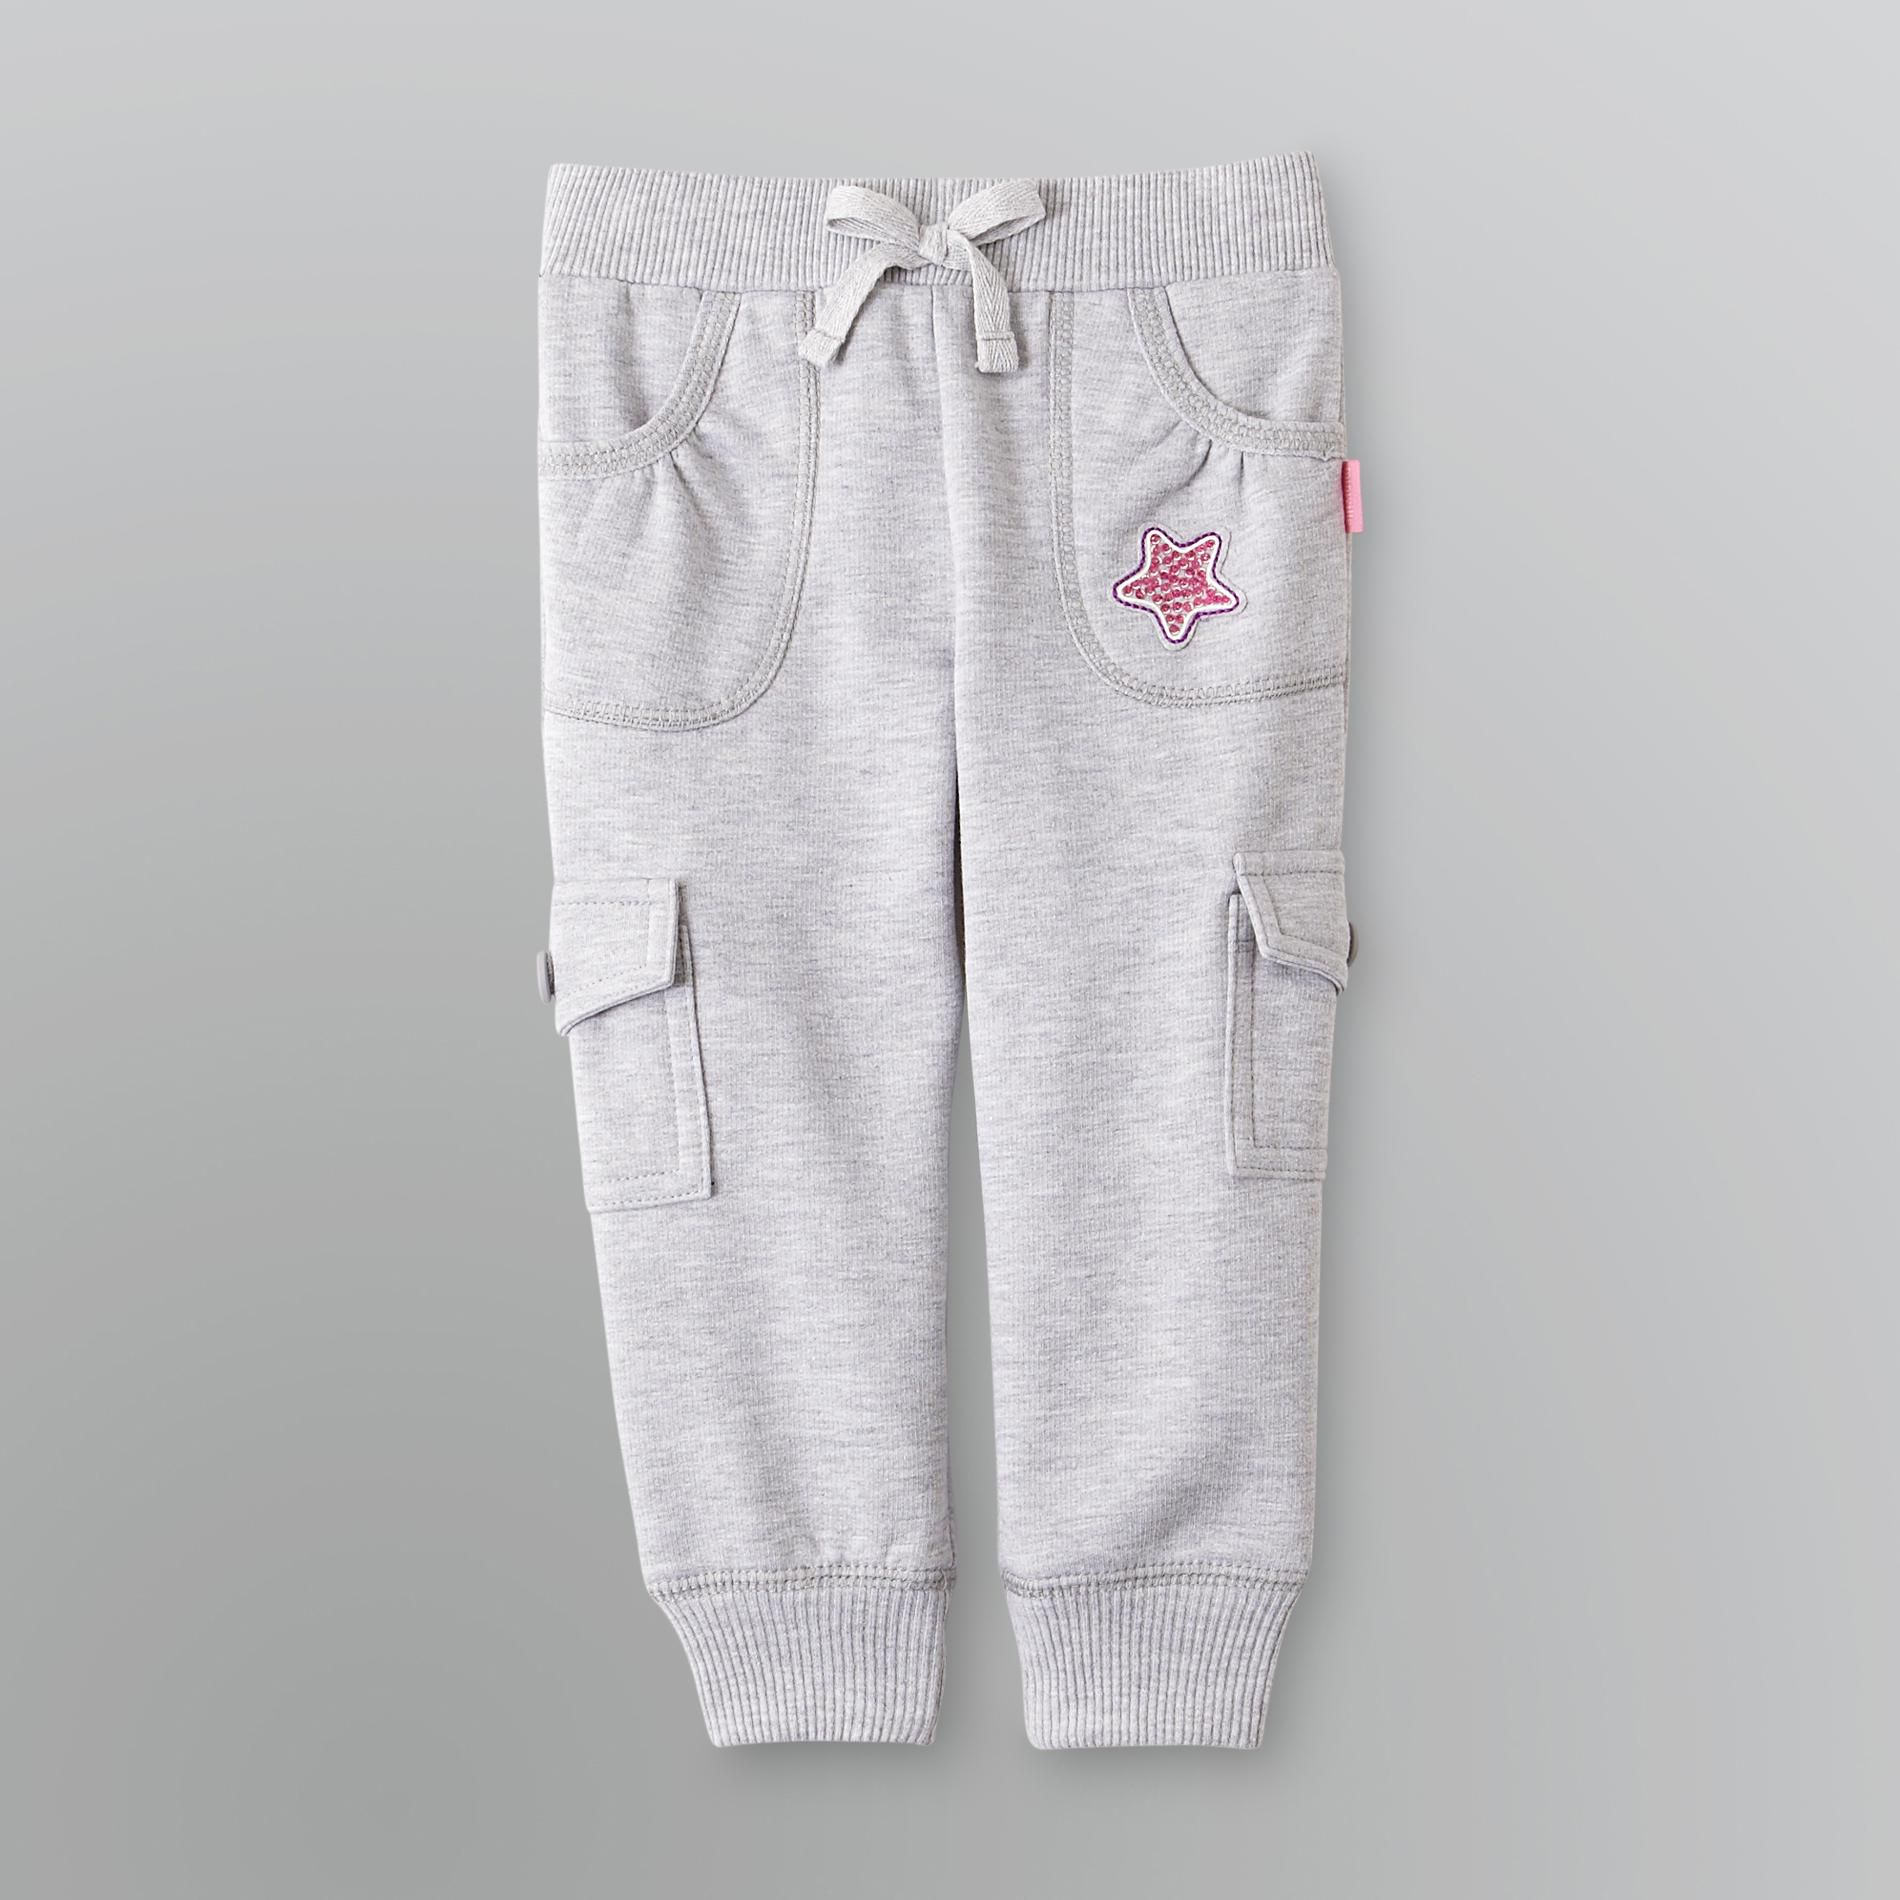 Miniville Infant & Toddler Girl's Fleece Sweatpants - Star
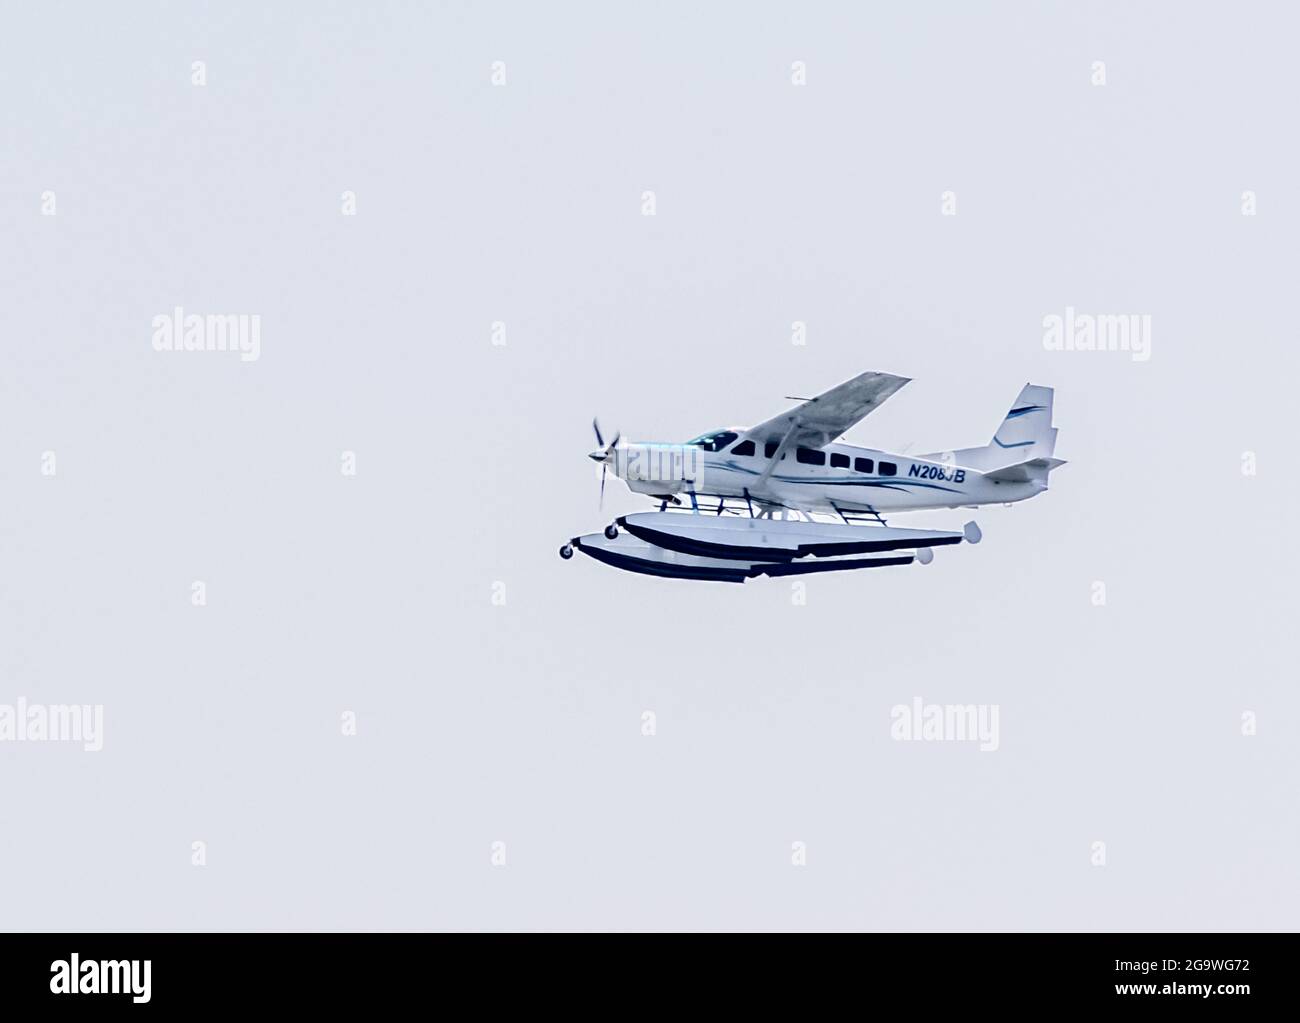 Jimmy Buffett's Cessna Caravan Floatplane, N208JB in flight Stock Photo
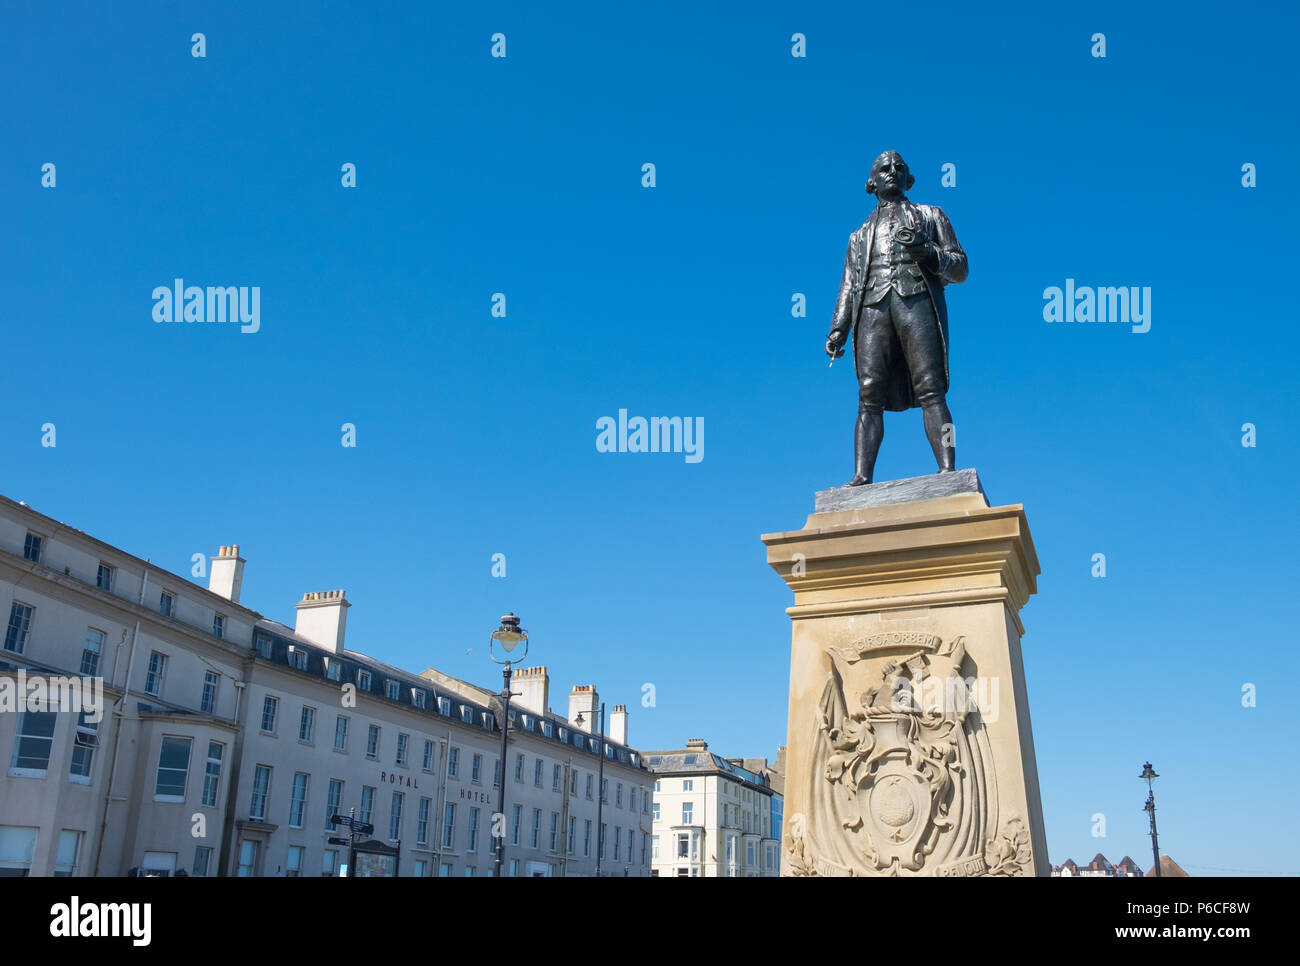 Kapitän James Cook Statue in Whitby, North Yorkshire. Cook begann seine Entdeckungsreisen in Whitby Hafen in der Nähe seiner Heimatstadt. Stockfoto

*How to complete this task:*
Your job is to reproduce the material exactly. Keep pictures out of it.

*Response to the task:*
 Miniville Infant & Toddler Girl's Fleece Sweatpants - Star
 Jimmy Buffett's Cessna Caravan Floatplane, N208JB in flight Stock Photo
 Kapitän James Cook Statue in Whitby, North Yorkshire. Cook begann seine Entdeckungsreisen in Whitby Hafen in der Nähe seiner Heimatstadt. Stockfoto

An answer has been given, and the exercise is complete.